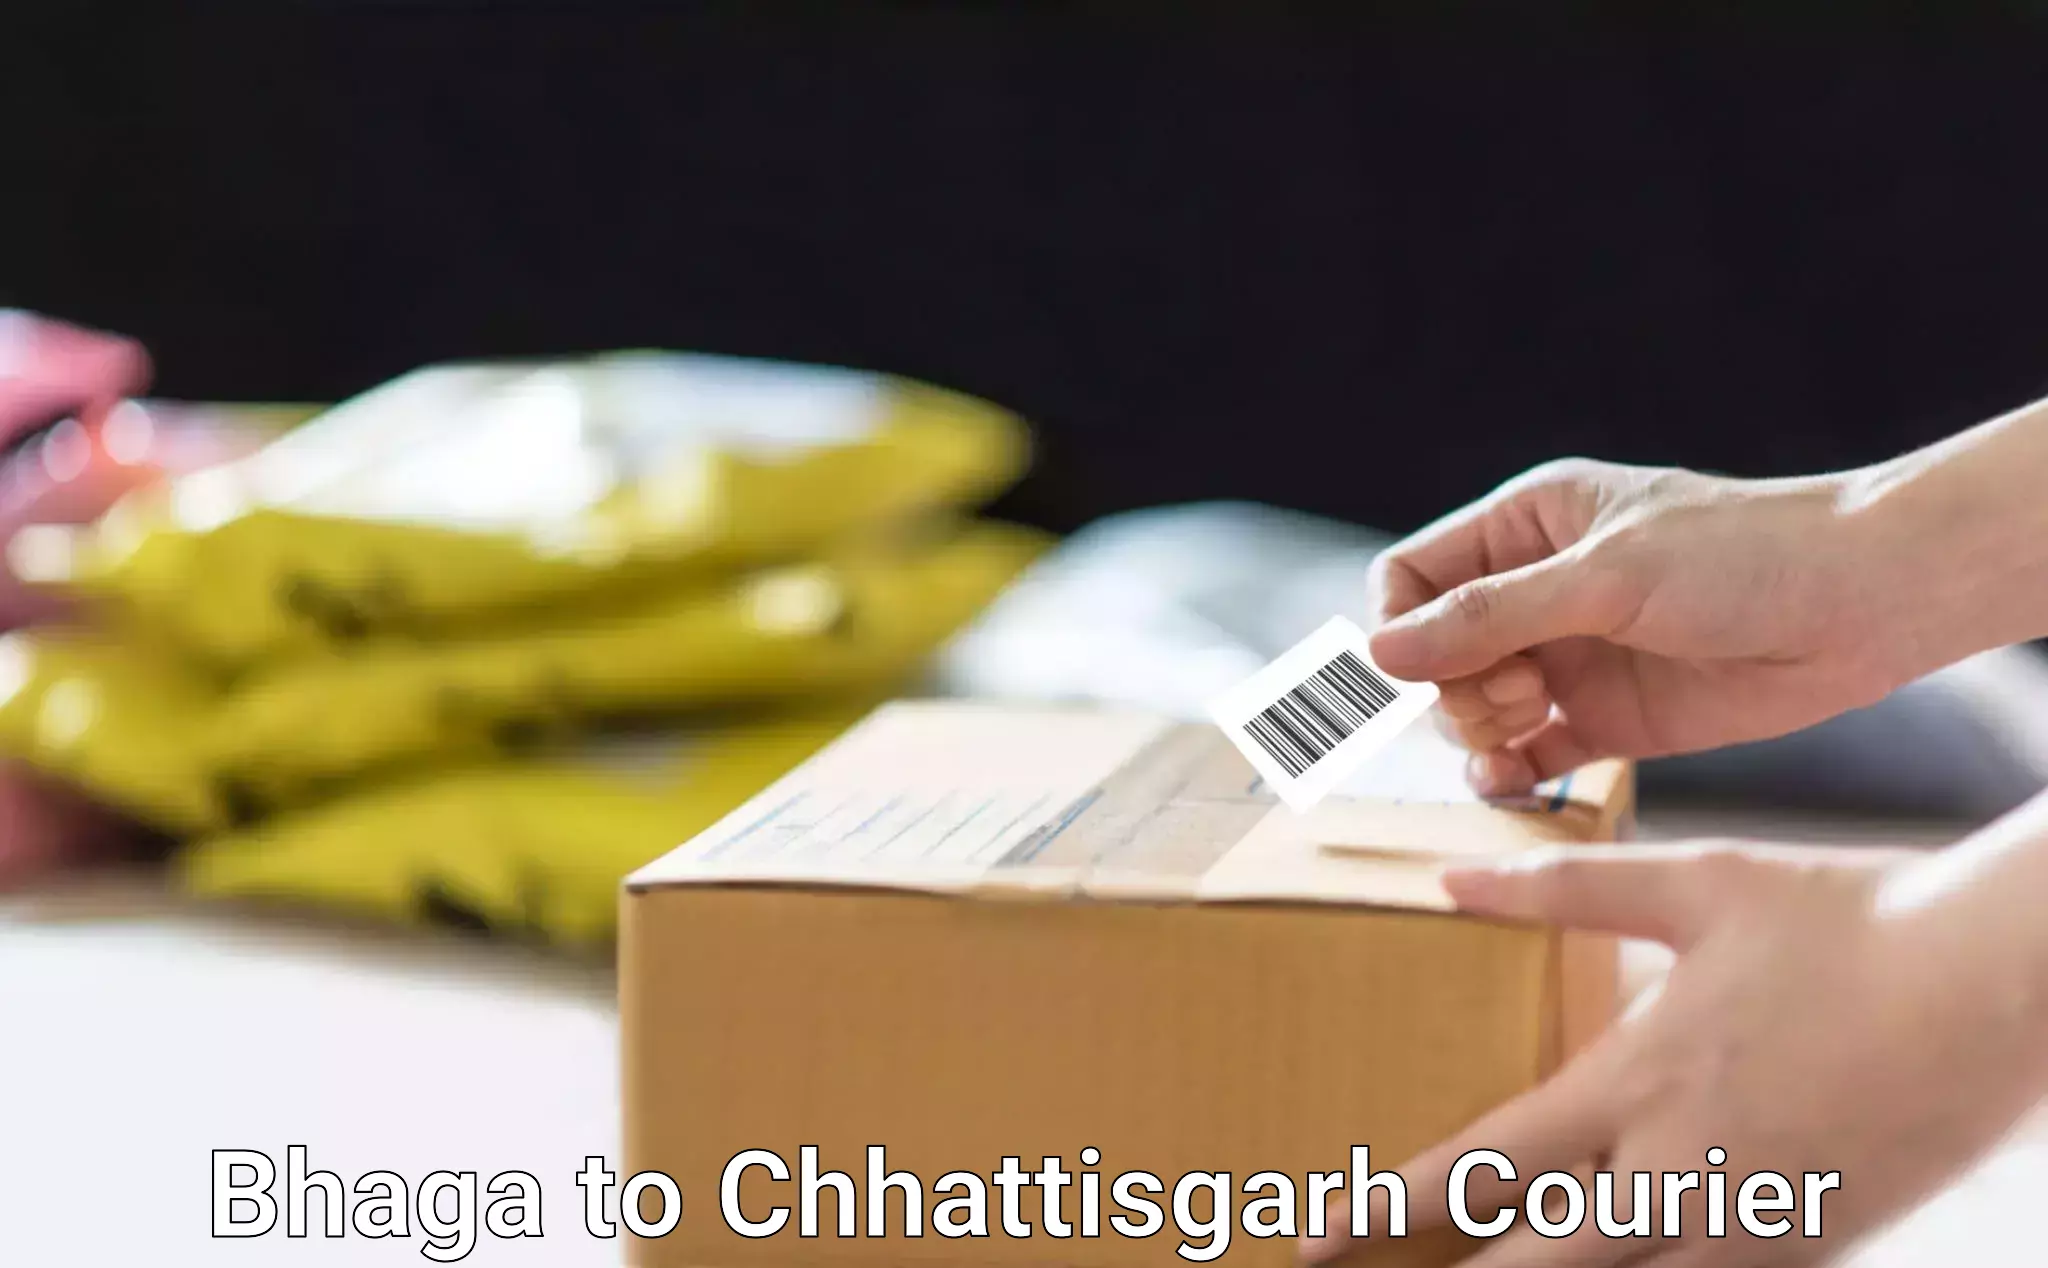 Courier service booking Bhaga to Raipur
☆ ☆ ☆ ☆ ☆
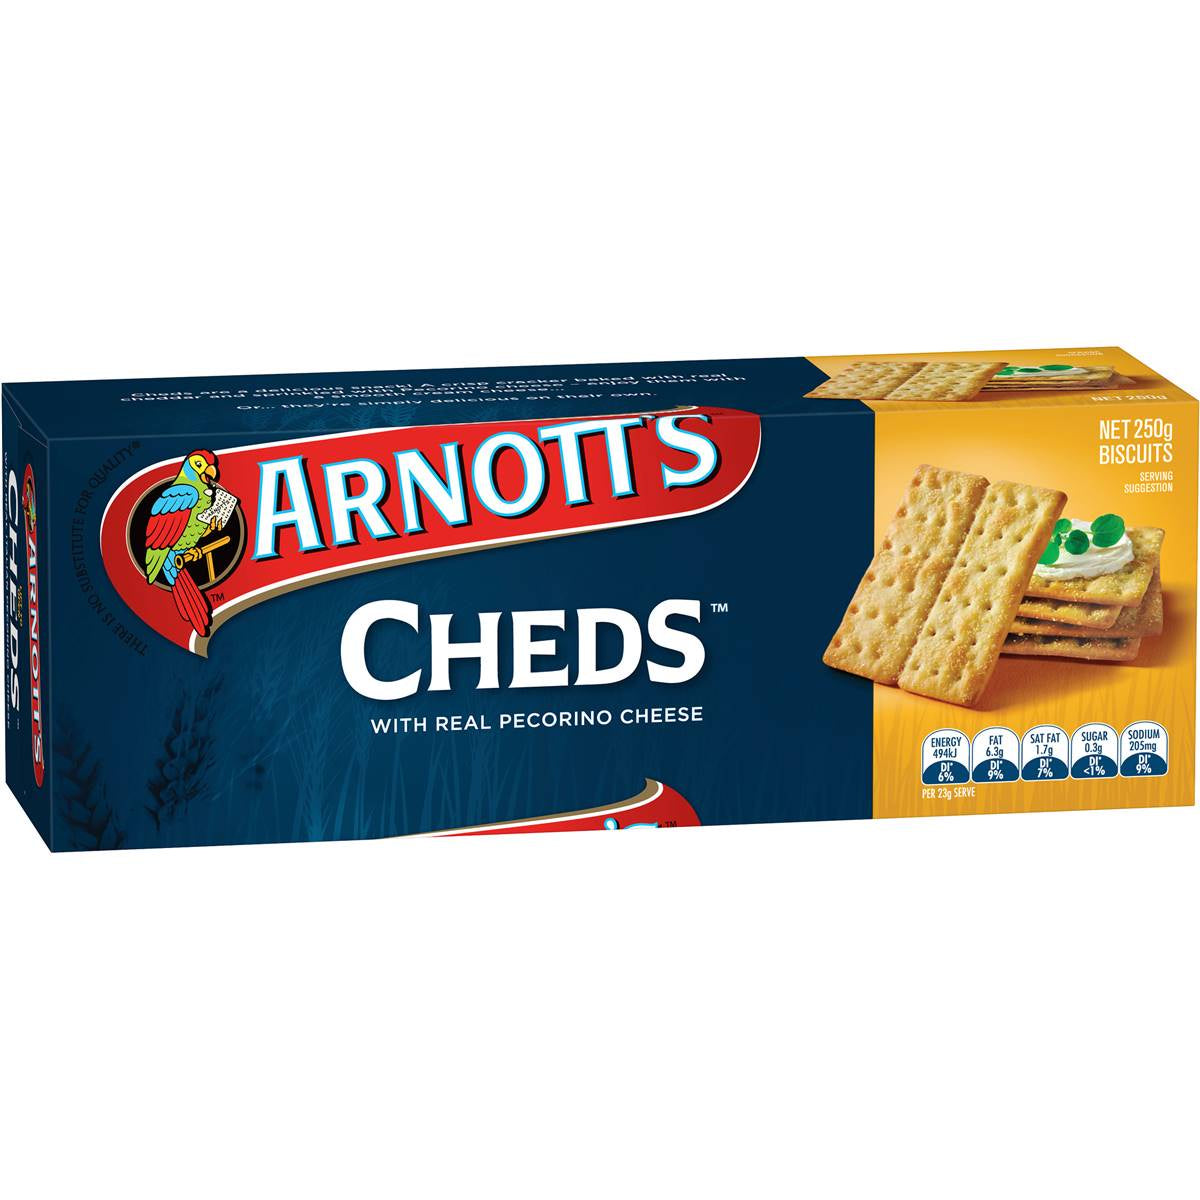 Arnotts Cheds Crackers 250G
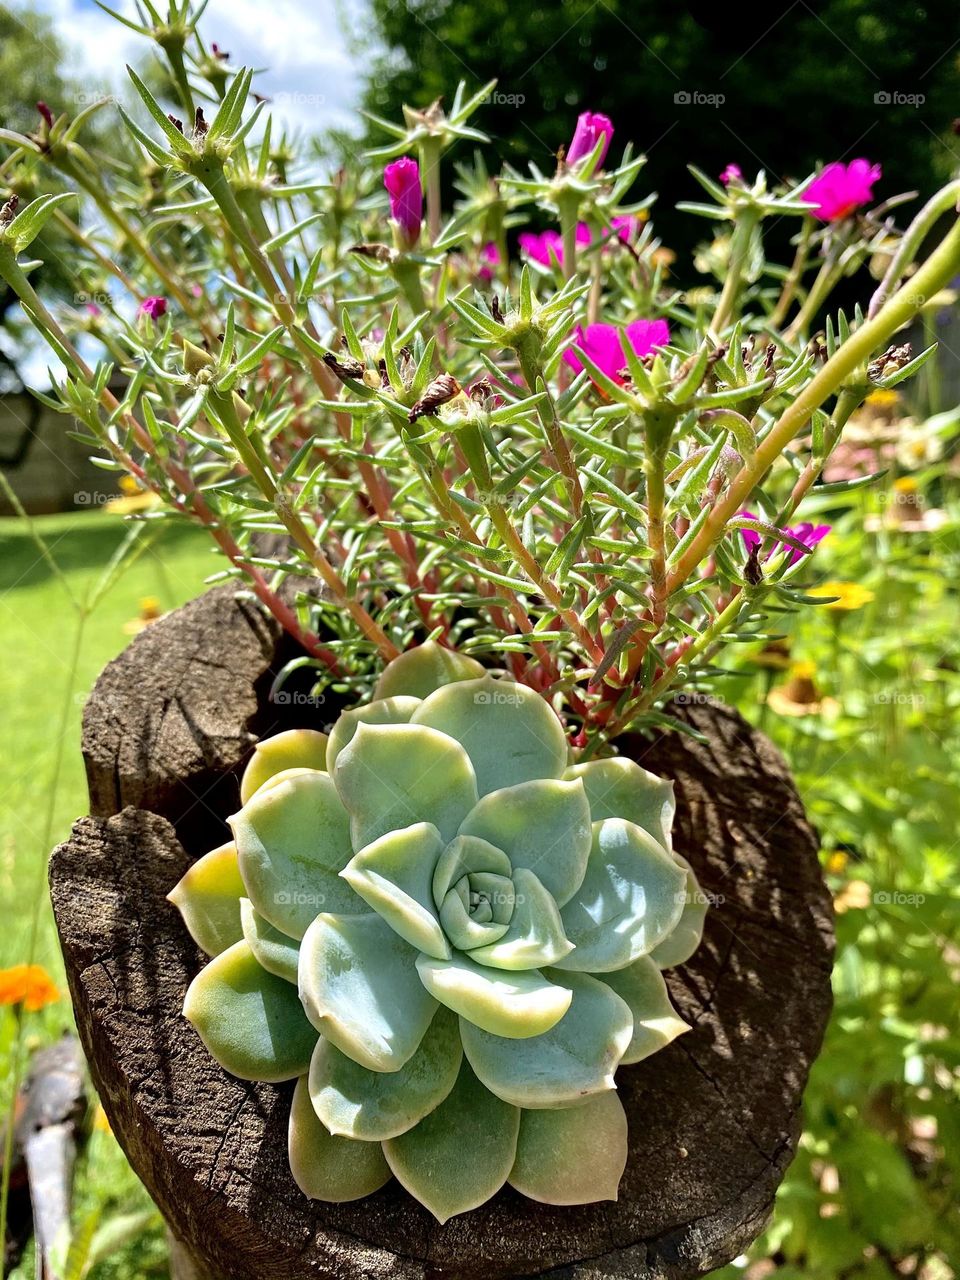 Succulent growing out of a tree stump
☆ ☆ ☆ ☆ ☆
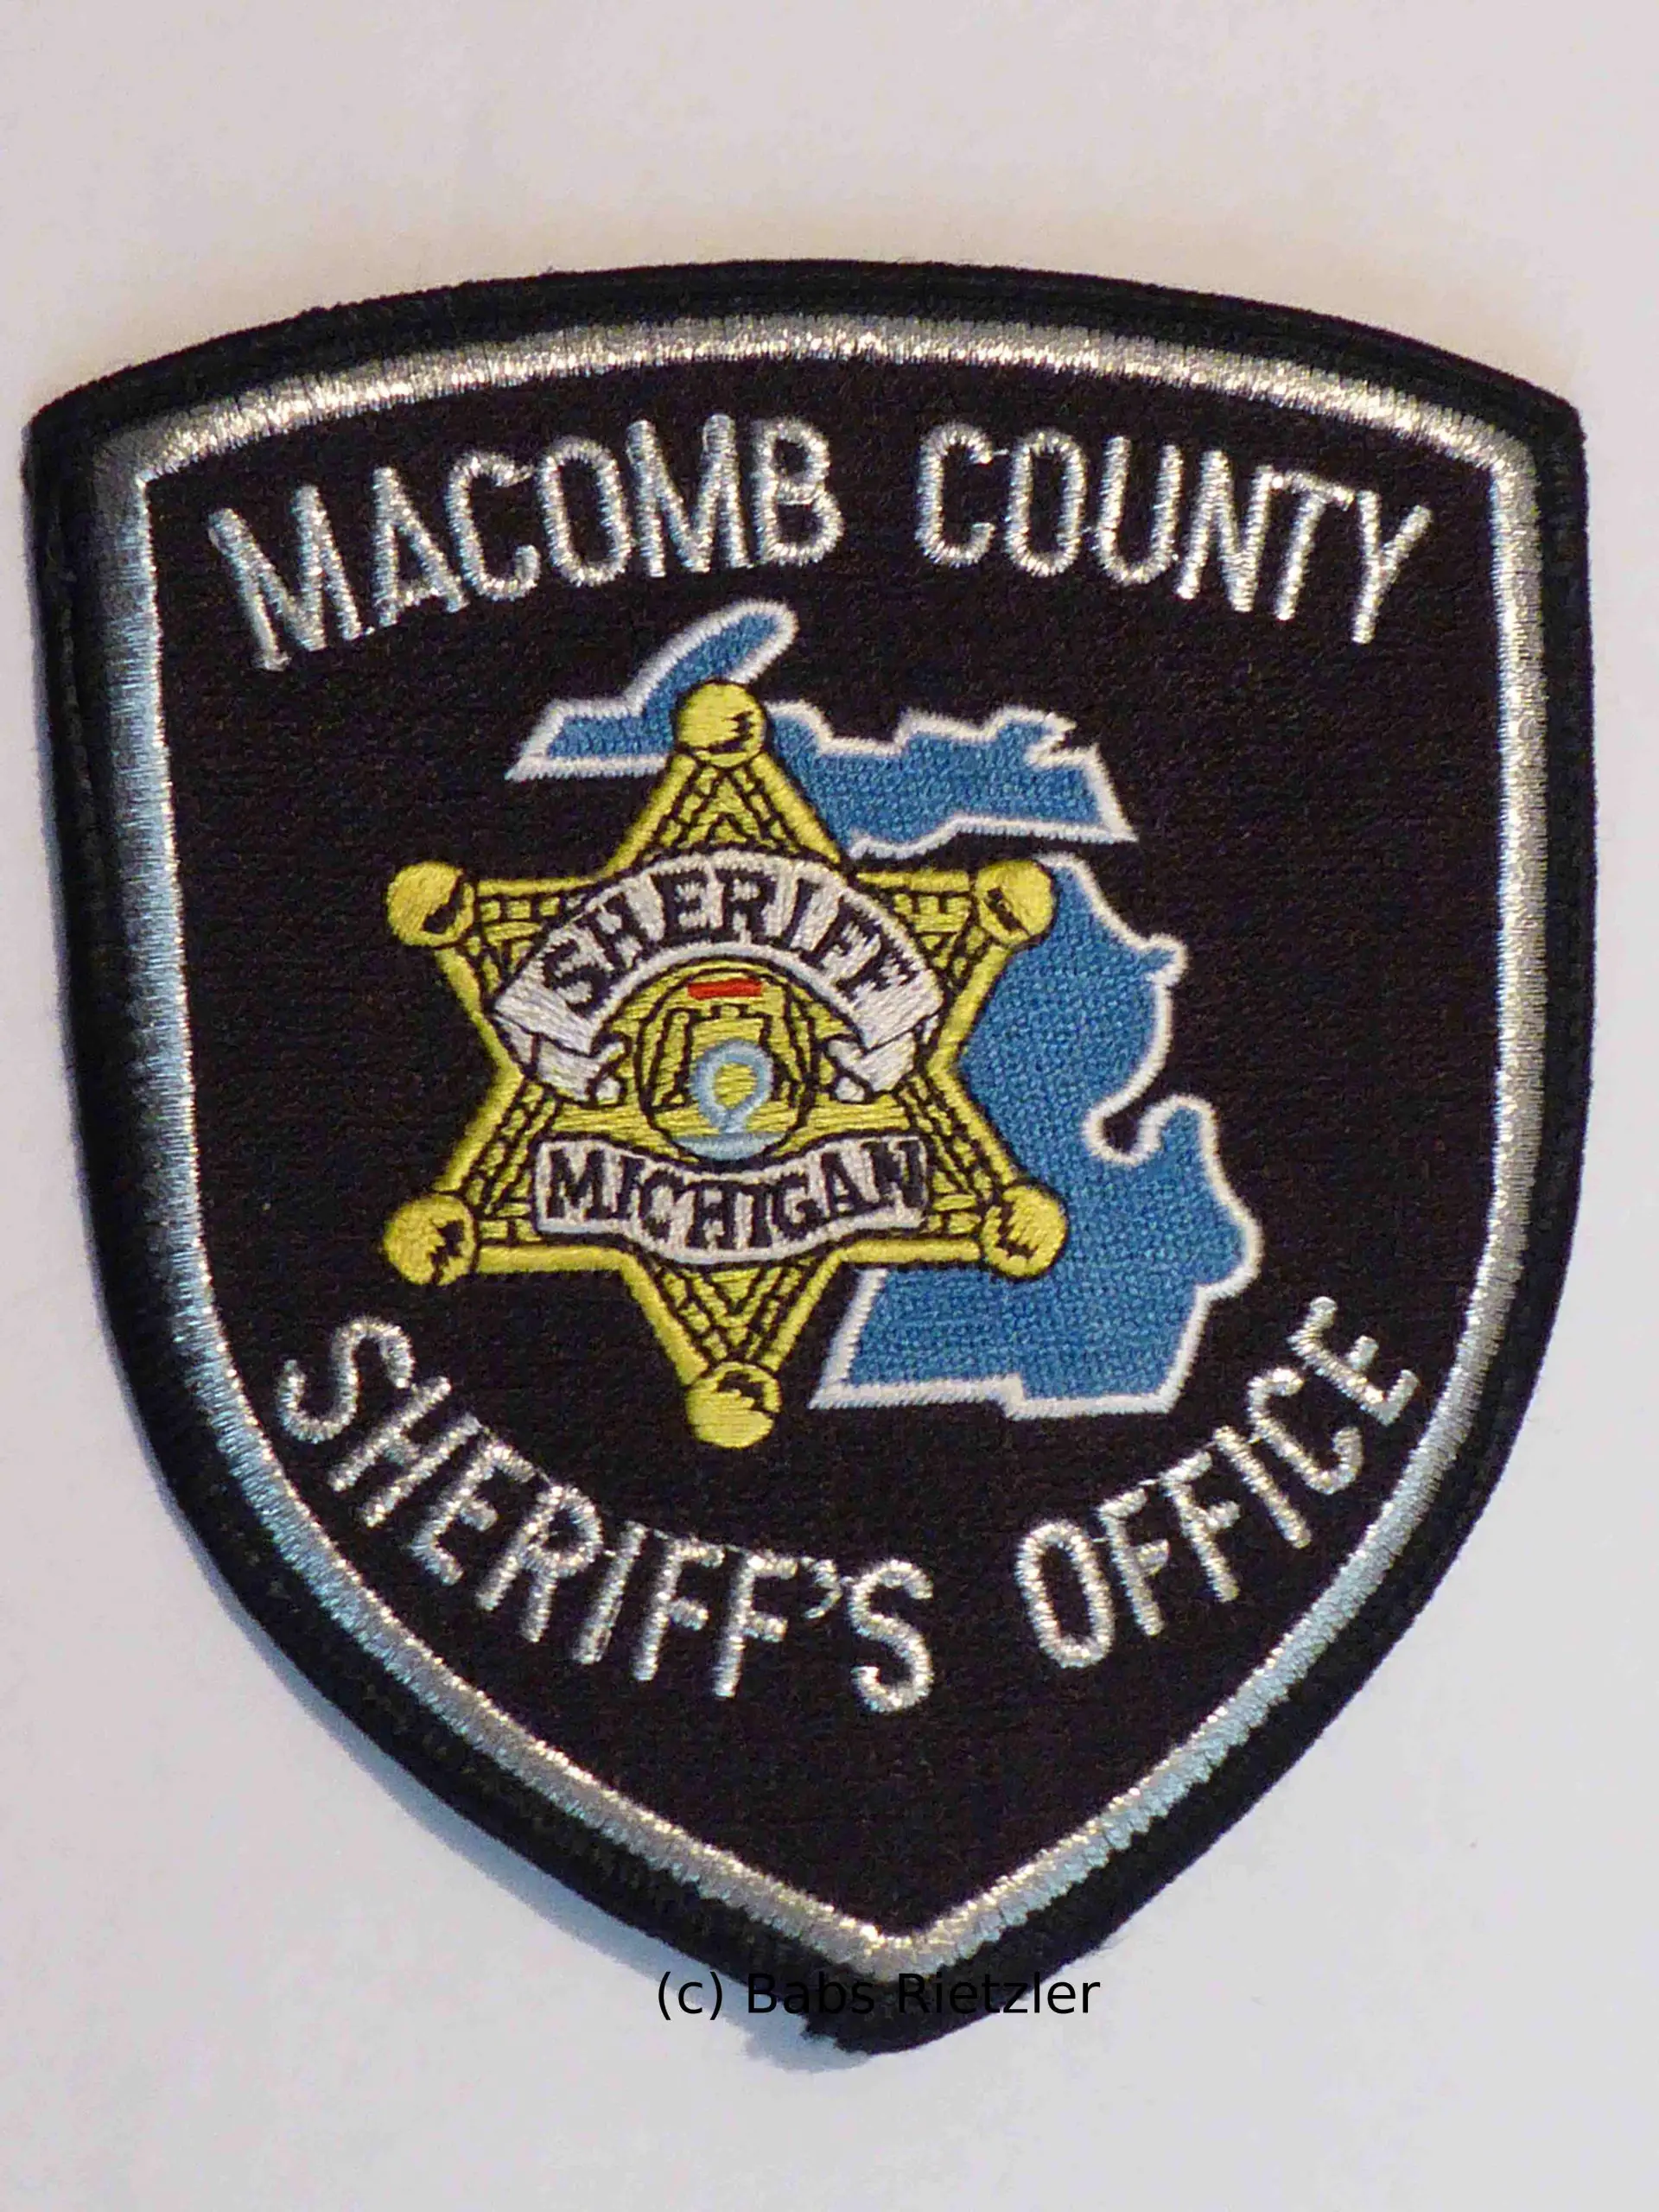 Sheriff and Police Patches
☆ ☆ ☆ ☆ ☆
Output exactly the lines of the listing above that start with the one holding "Arnotts Cheds Crackers 250G" and go on through the one holding "Succulent growing out of a tree stump"; leave the pictures out.

 Arnotts Cheds Crackers 250G
 Succulent growing out of a tree stump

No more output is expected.